How To Add Site Search to a Static Website

Adding a dynamic website search to your static website is actually surprisingly easy. All you have to do is borrow an established search engine that indexes your site. This article tells you how in four general steps.

Before beginning, don't forget to make your website search-friendly. It might help to keep your site map up to date, or if you use a static website generator, make sure it generates search-friendly site maps whenever you update your site.

Choose your search engine

First, choose your search engine. All of the major search engines and most of the minor ones allow you to restrict search results to only those on a certain domain by using "site:example.com" as a search term. For example, to search my website for pages containing unix, you would search for "site:thornton2.com unix". (Typically, the search term order doesn't matter.)

Choose your search engine carefully. This is one that your site's users, not you alone, are going to use. Google is the obvious and convenient choice. However the company behind the search engine tracks and captures as much data as it possibly can about everyone using it, piecing all the collected data together to build a picture of every individual that can be shockingly complete. Depending on your intended audience, many of your site's visitors may find this too creepy to tolerate.

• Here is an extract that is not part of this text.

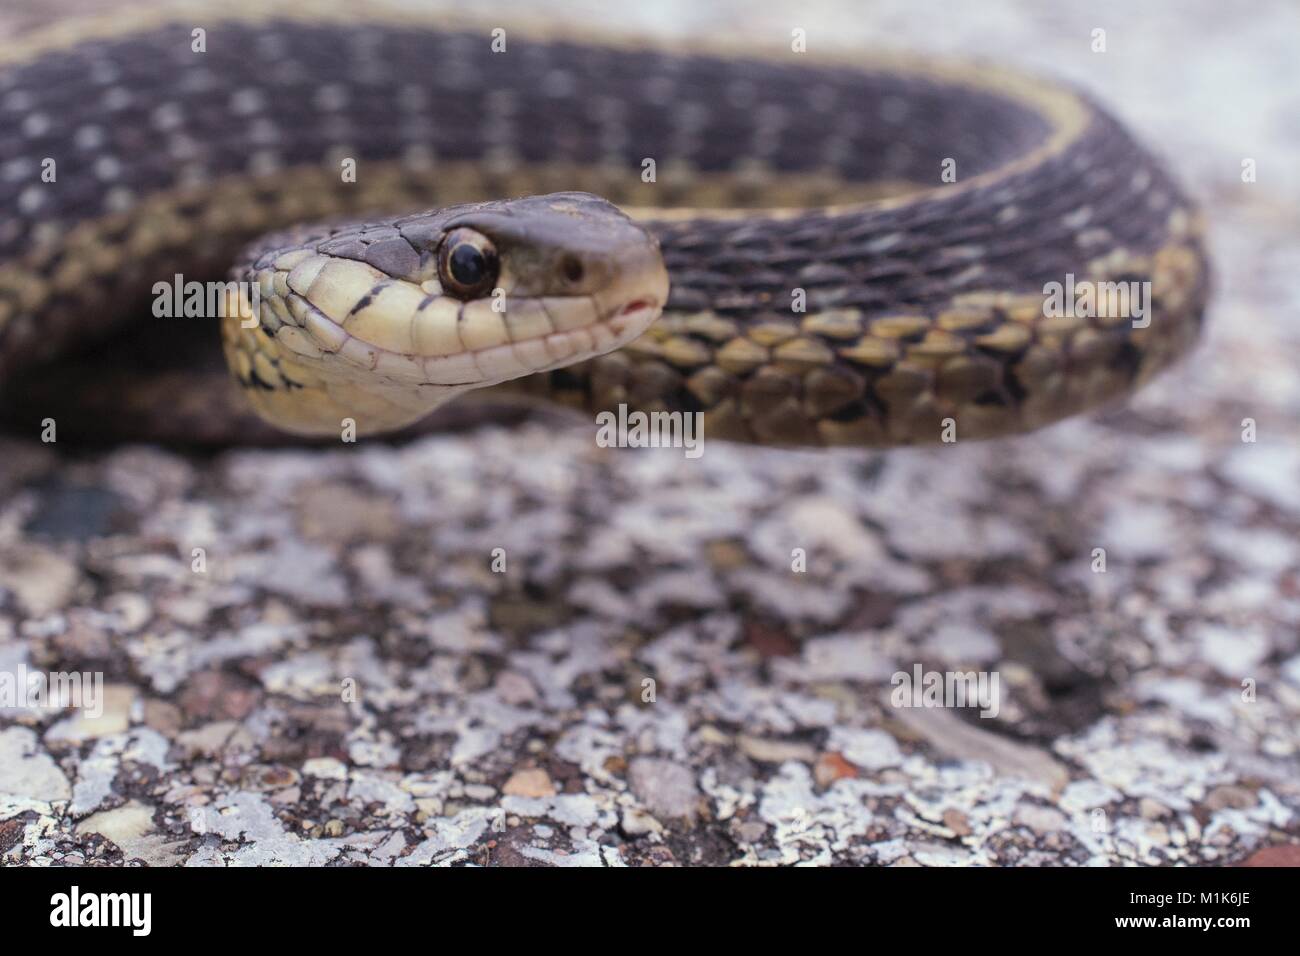 Garter snake with it's split tongue sticking out. Class Reptilia, Order Squamata, Suborder Serpentes, Family Colubridae, Species T. Sirtalis Stock Photo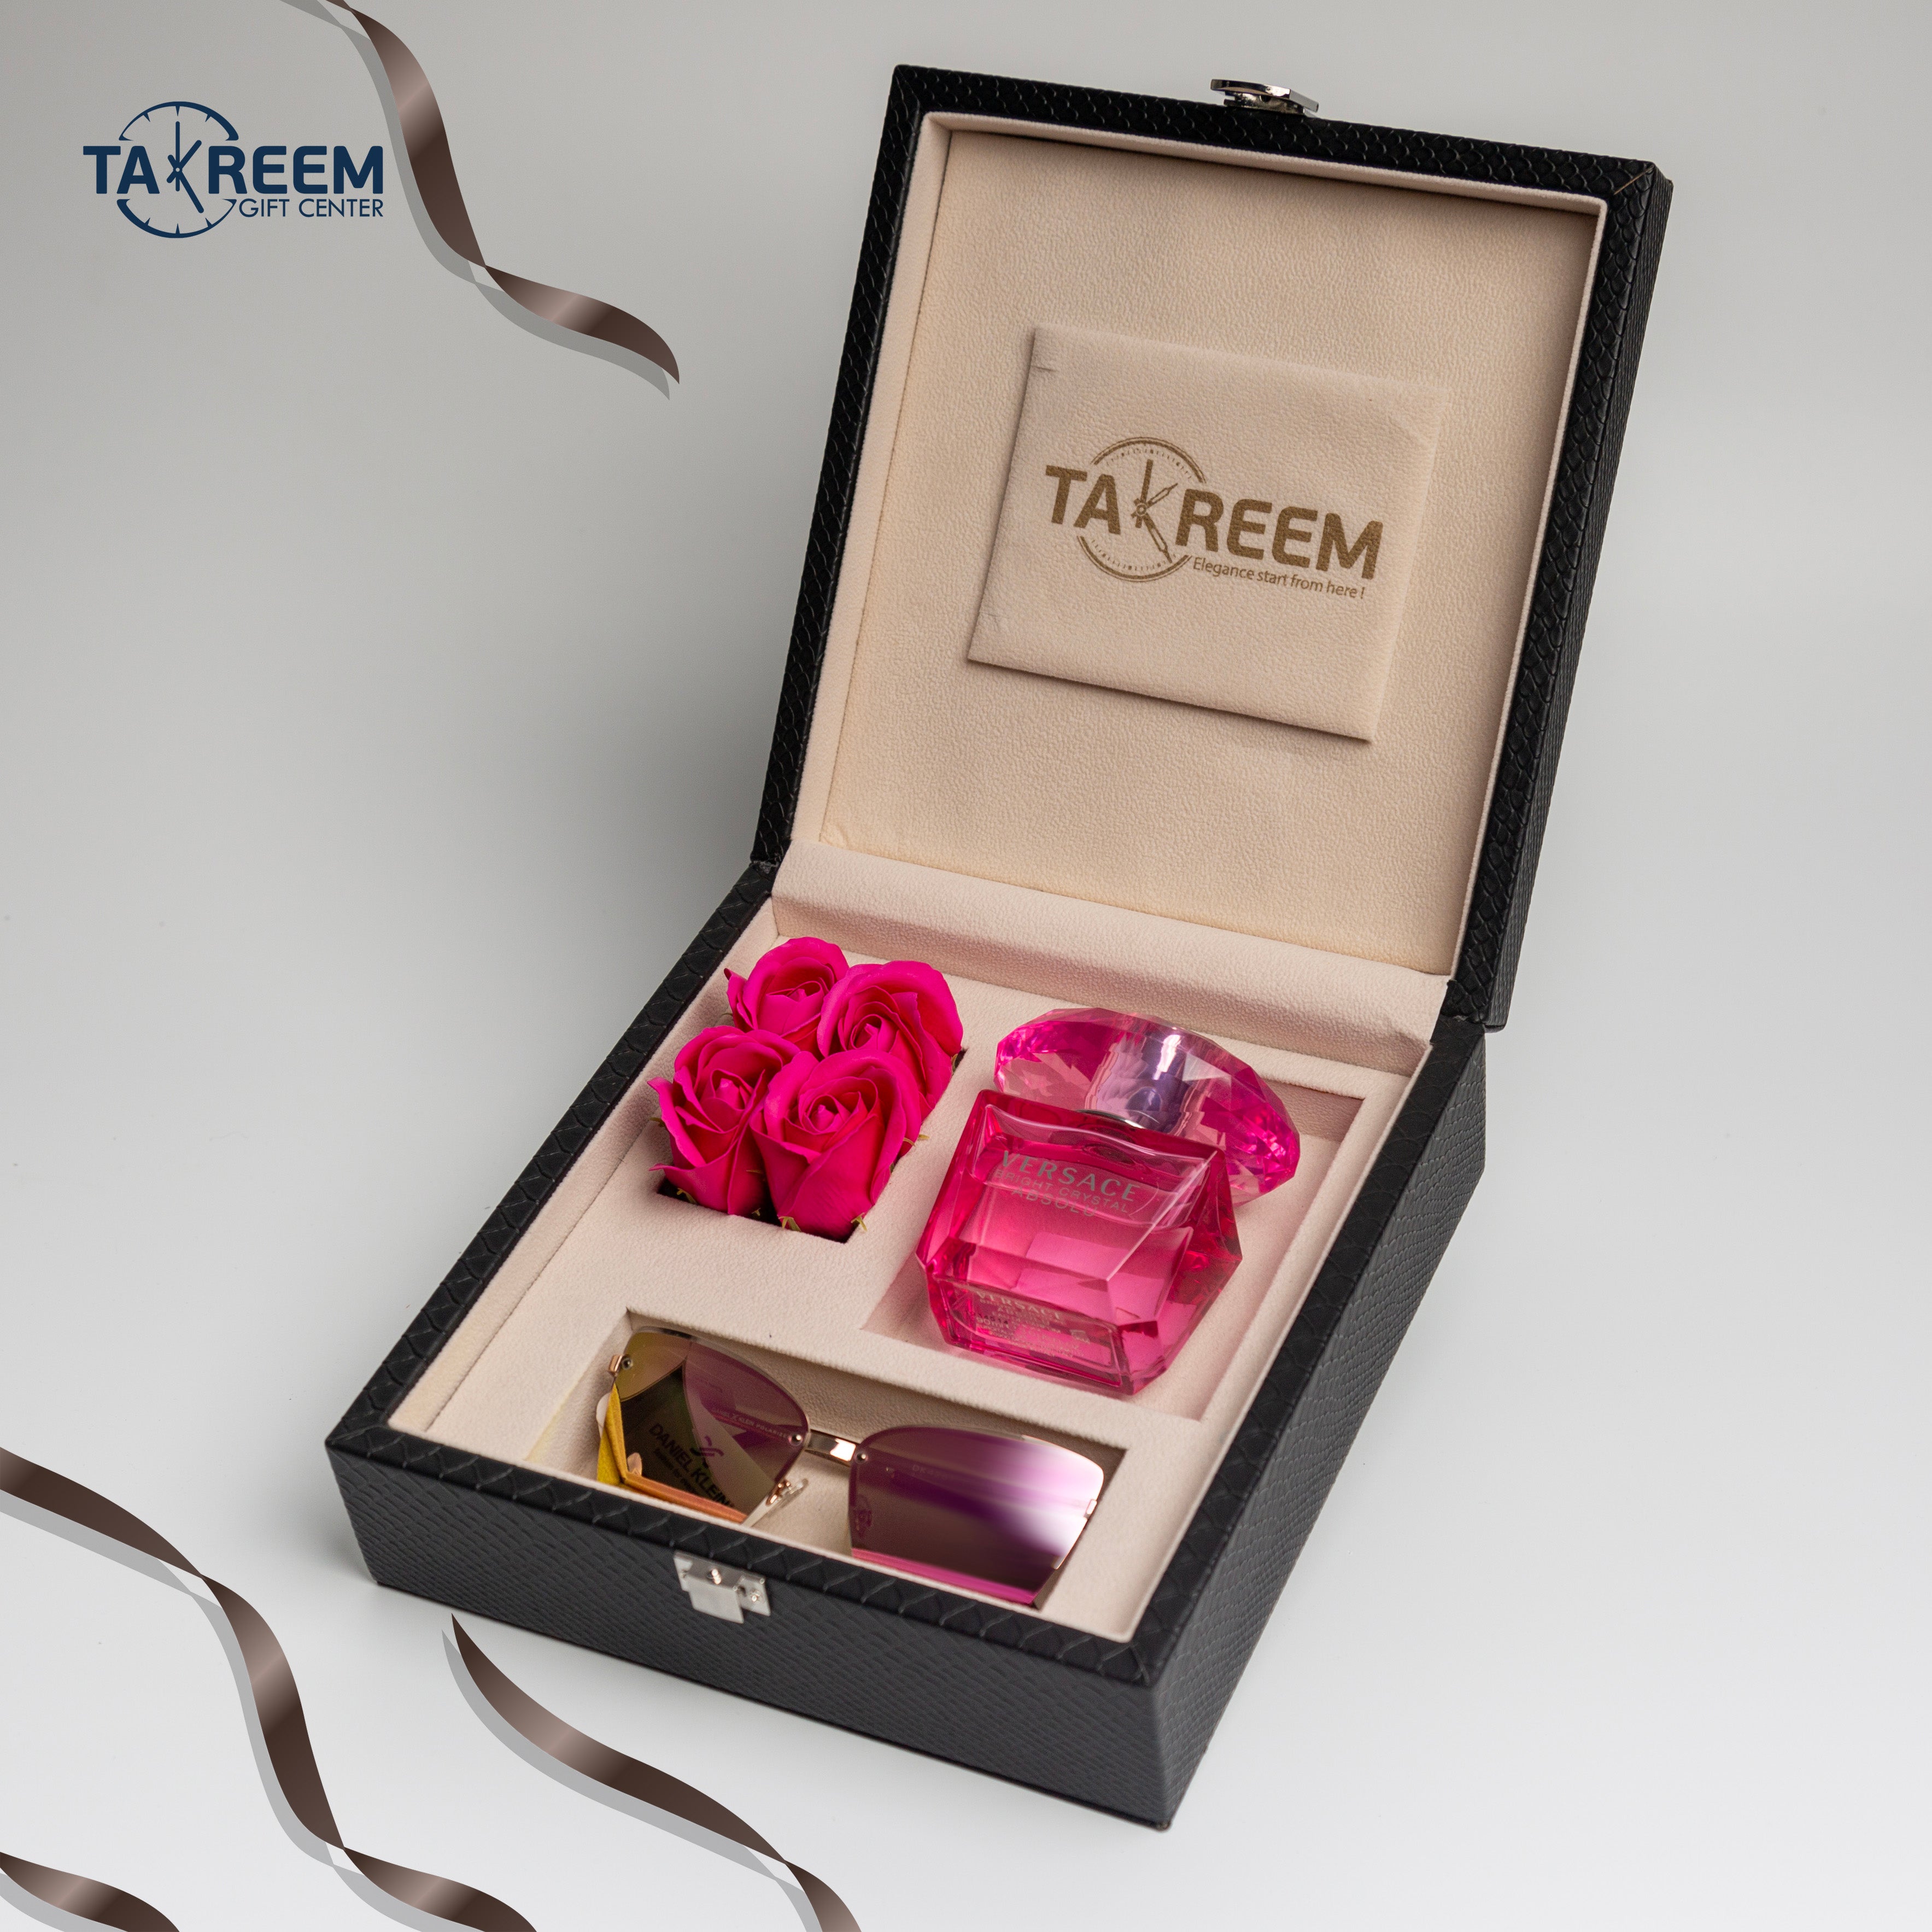 Gift Boxes By Takreem Gifts Center

On the other extreme, Startpage boasts user privacy while using Google as its search backend. However, its results may at times lag by several days. Depending on how frequently you create and edit pages, this lag may or may not be acceptable.

My personal preference is DuckDuckGo, which provides most of the useful features of Google without any of the filter bubbling or privacy issues of Google. That's the engine I use in my examples below, but if you choose another search engine, edit my examples to fit your choice.

Find the name of the search term parameter in the query string

Take a look at the URL when you use the search engine you decide on. After the "?" is a string of "name=value" pairs for a query string. One of those pairs will have your search terms as the field value; note the field name.

For most search engines, the search terms are assigned to the name "q". Startpage is a notable exception, naming its search terms "query" instead.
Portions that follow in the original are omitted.